Problem description: The required output is the exact run of lines in the listing below from the line holding "5 Minutes To: Photo Manipulation Basics" through the line holding "luontokuvaus lintukuvaus pöllö", with no pictures.

Information supplied:
==============================
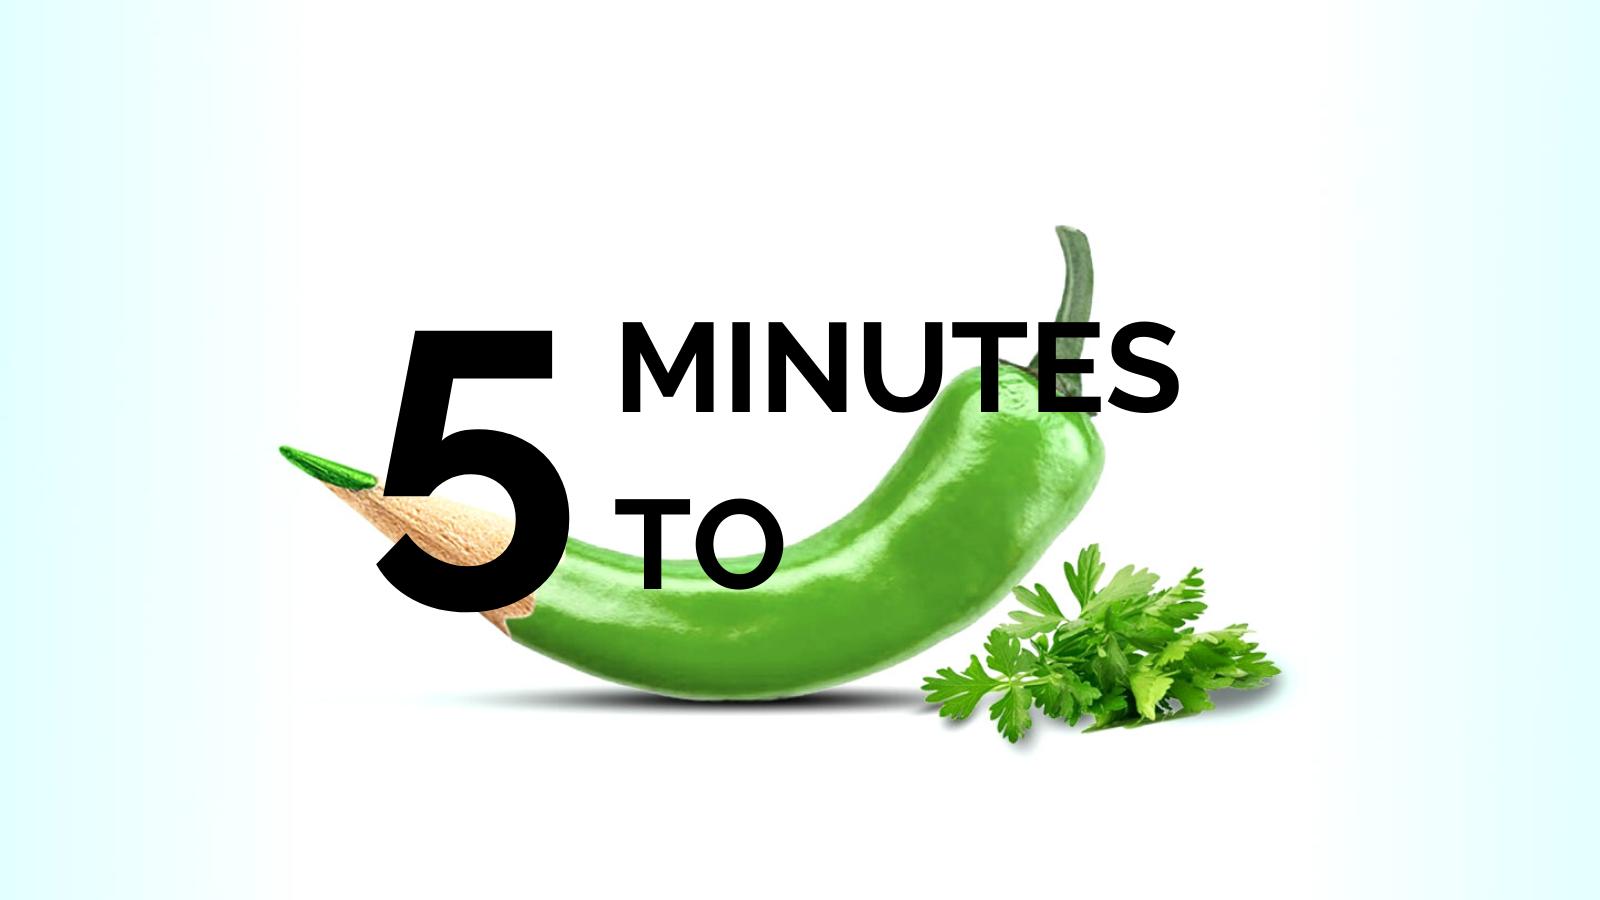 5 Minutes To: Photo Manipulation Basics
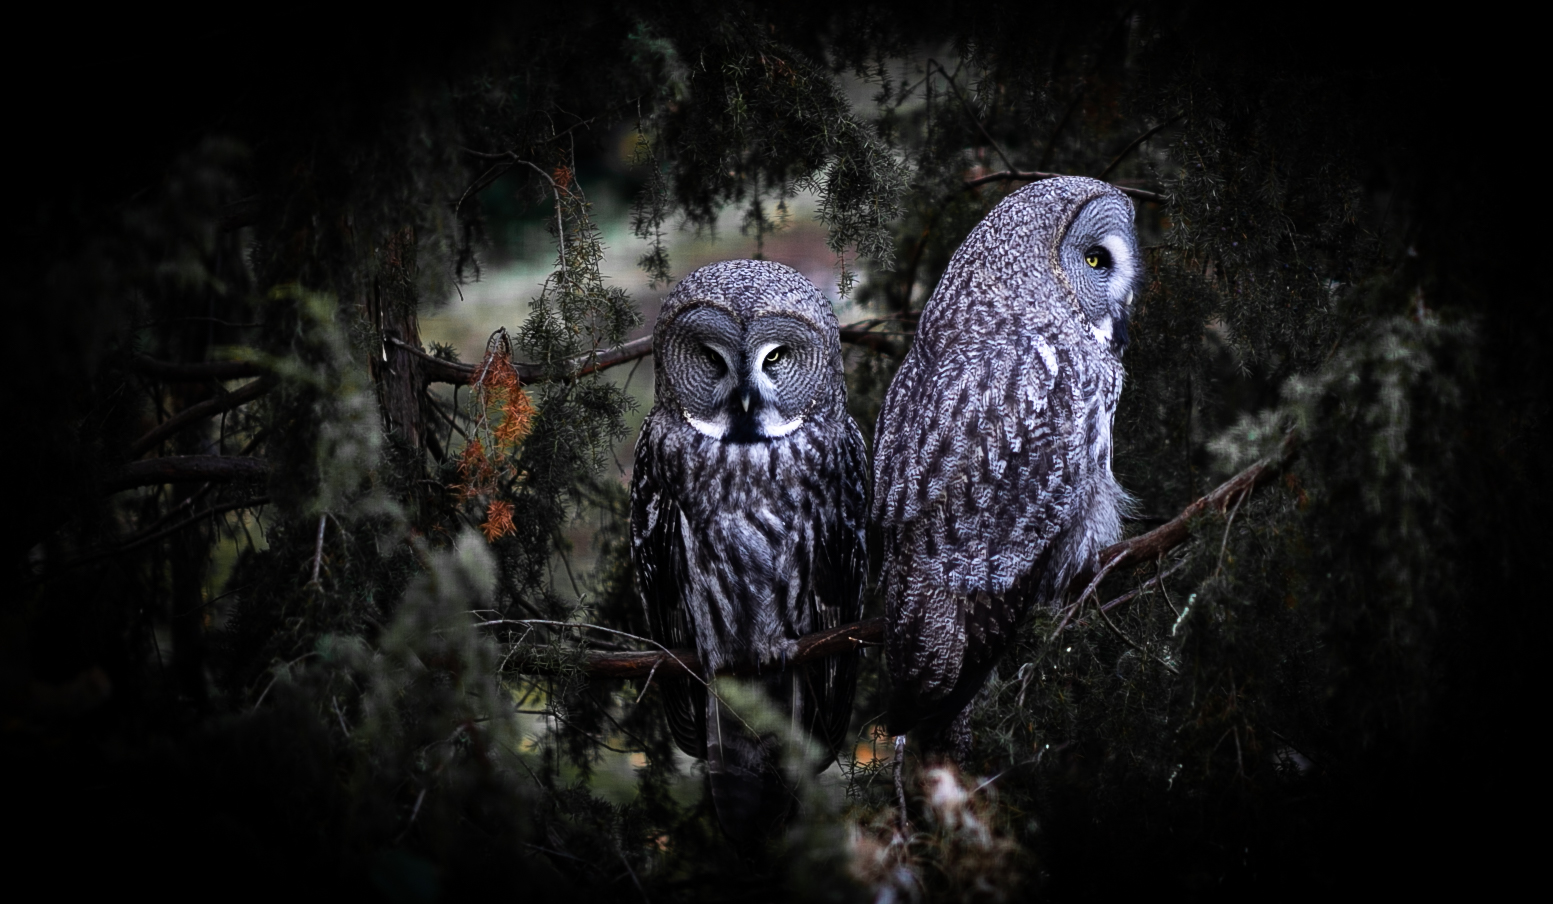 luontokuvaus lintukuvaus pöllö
==============================
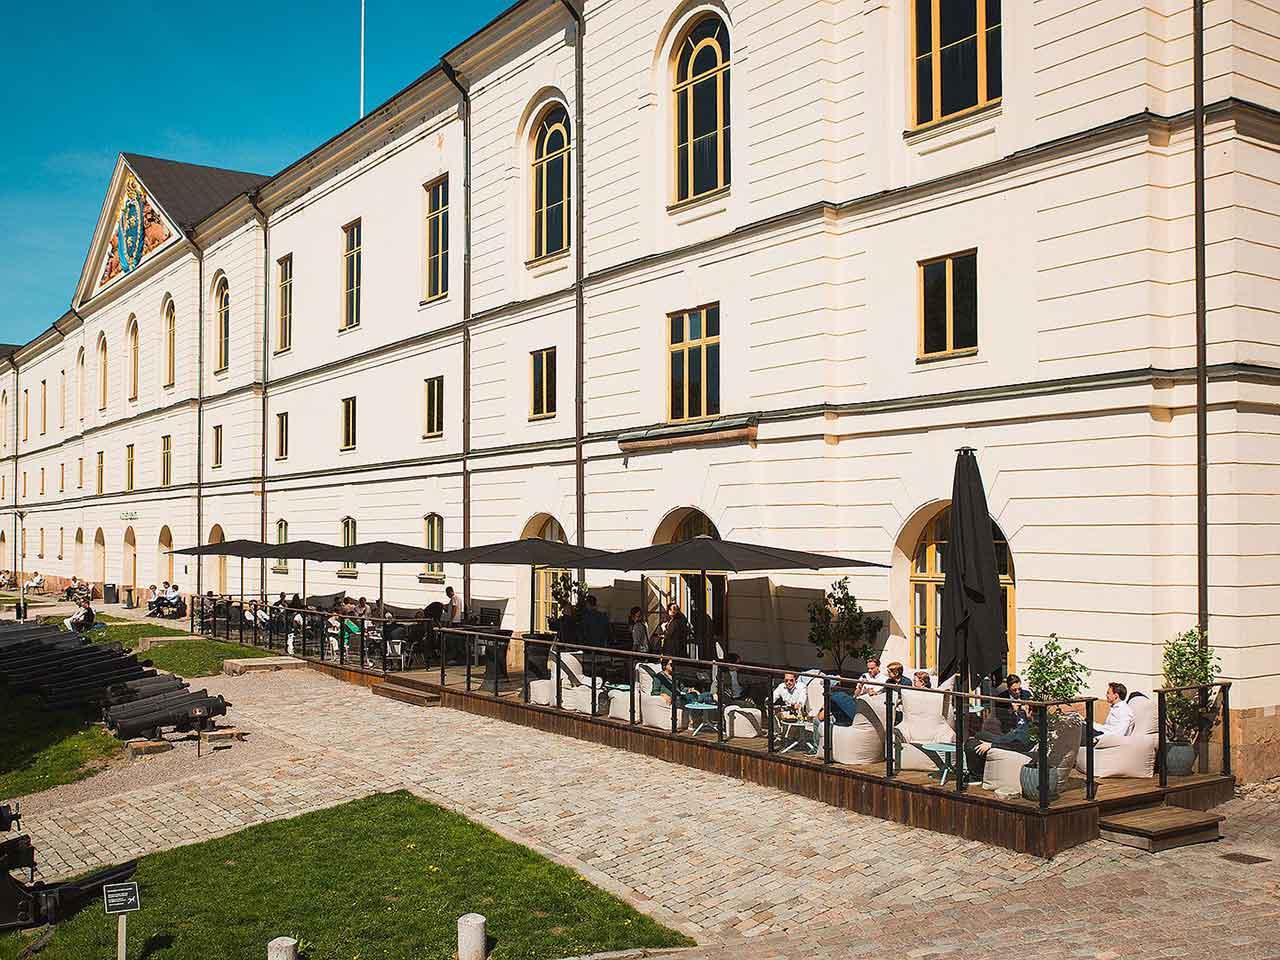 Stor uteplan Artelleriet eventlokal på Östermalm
==============================
Task output:
 5 Minutes To: Photo Manipulation Basics
 luontokuvaus lintukuvaus pöllö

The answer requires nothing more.